## [PROBLEM DETAILS]
Your task is to transcribe exactly, and only, the lines running from the one with "Purple Floral Elephant" to the end of the listing below, inclusive, with every picture left out.

## [INFORMATION SUPPLIED]
• • • • •

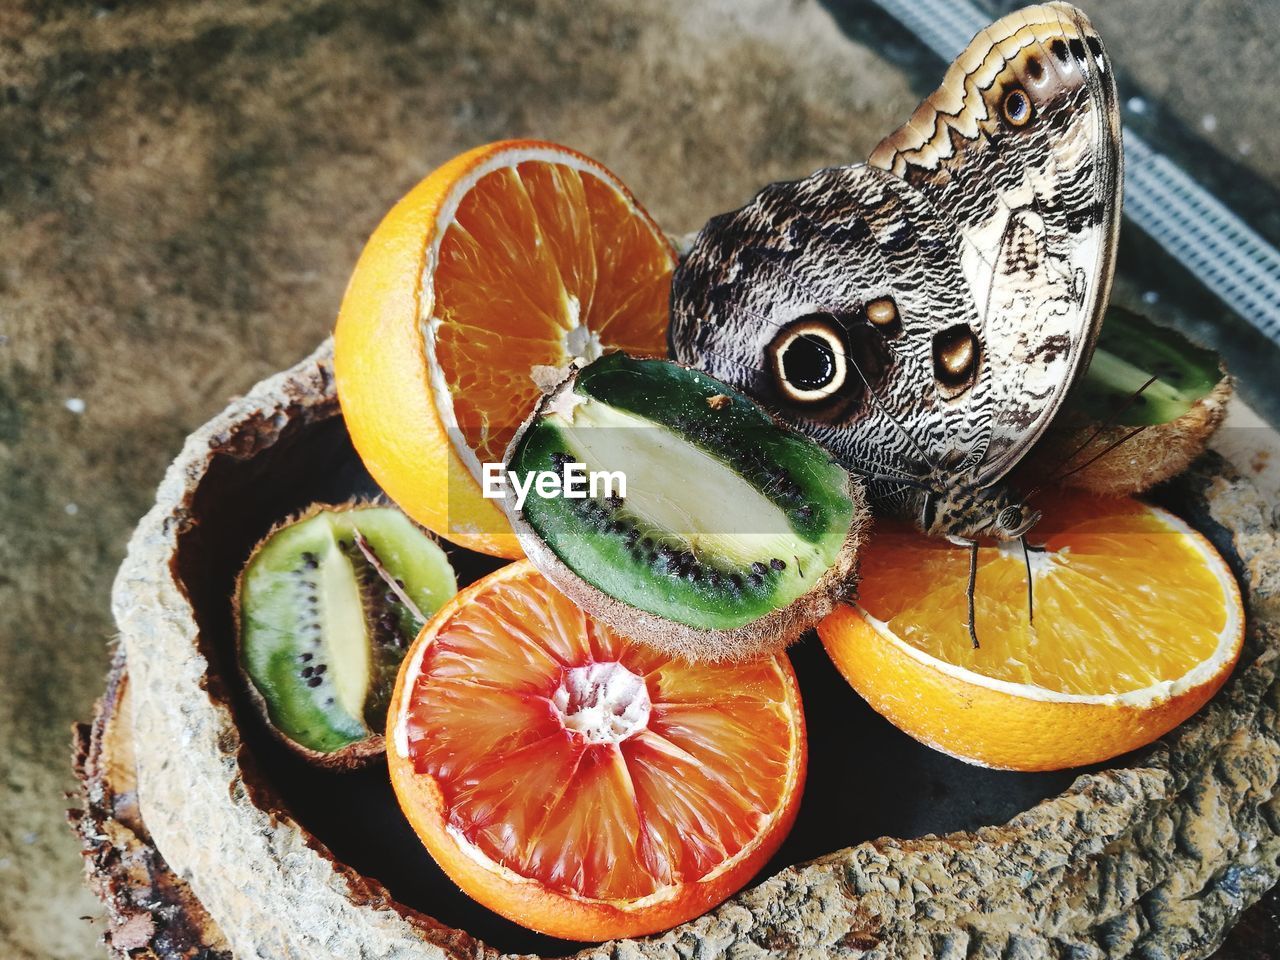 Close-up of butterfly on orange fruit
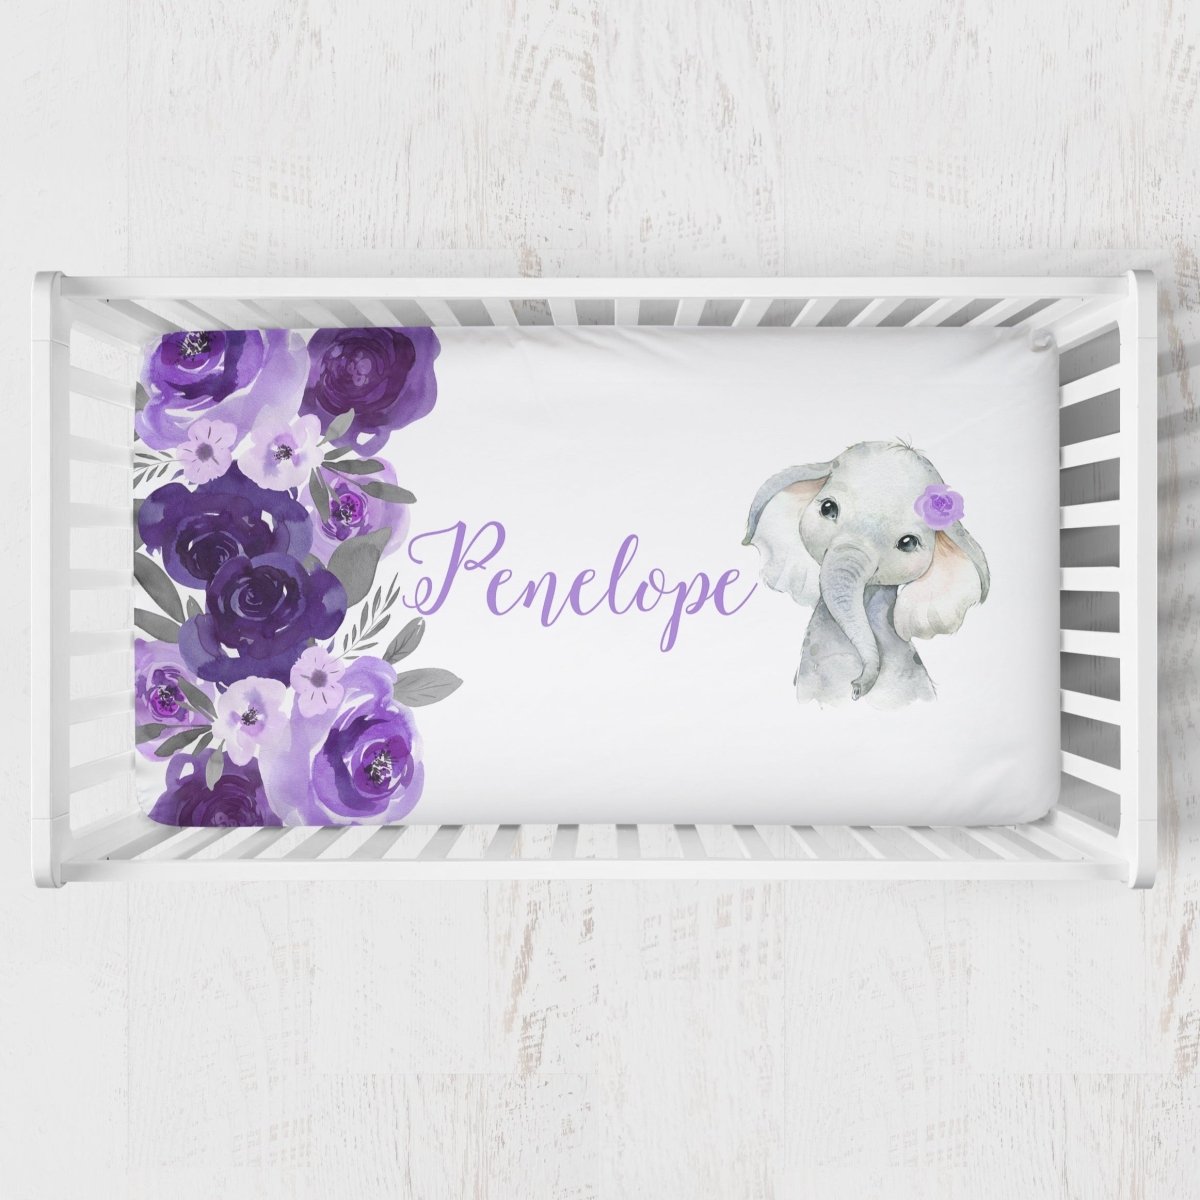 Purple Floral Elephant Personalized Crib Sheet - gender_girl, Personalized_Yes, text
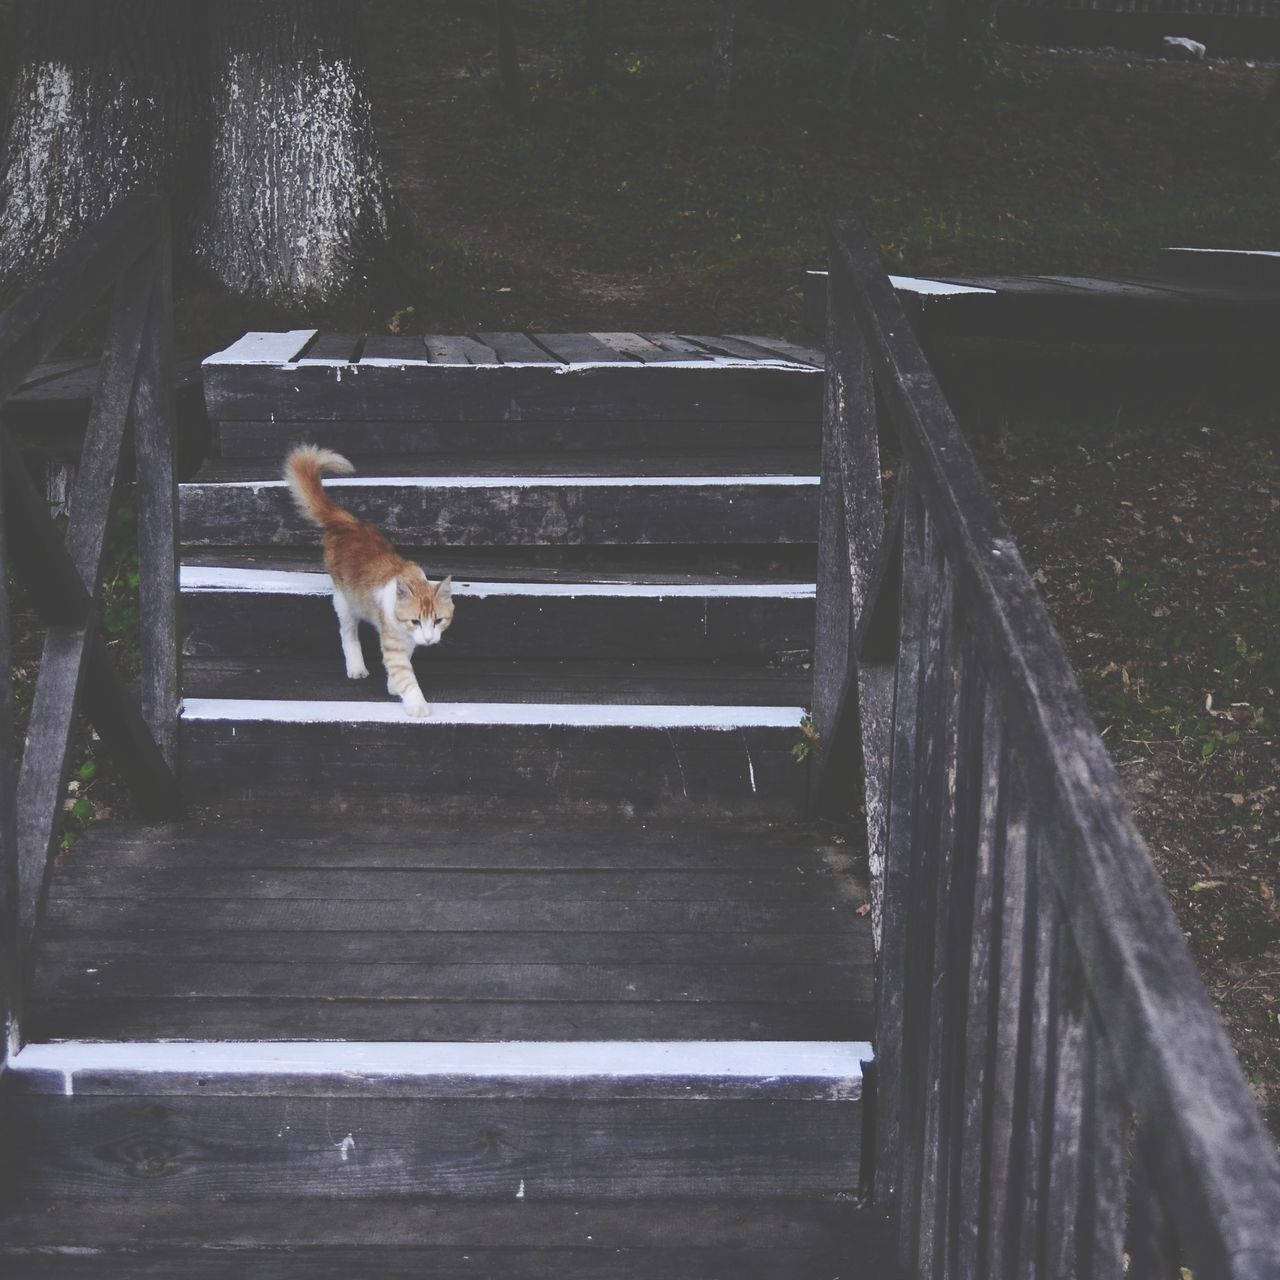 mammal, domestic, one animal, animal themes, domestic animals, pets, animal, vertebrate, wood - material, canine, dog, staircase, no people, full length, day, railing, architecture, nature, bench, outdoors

• • • • •

## [YOUR SOLUTION]
 Purple Floral Elephant Personalized Crib Sheet - gender_girl, Personalized_Yes, text
 mammal, domestic, one animal, animal themes, domestic animals, pets, animal, vertebrate, wood - material, canine, dog, staircase, no people, full length, day, railing, architecture, nature, bench, outdoors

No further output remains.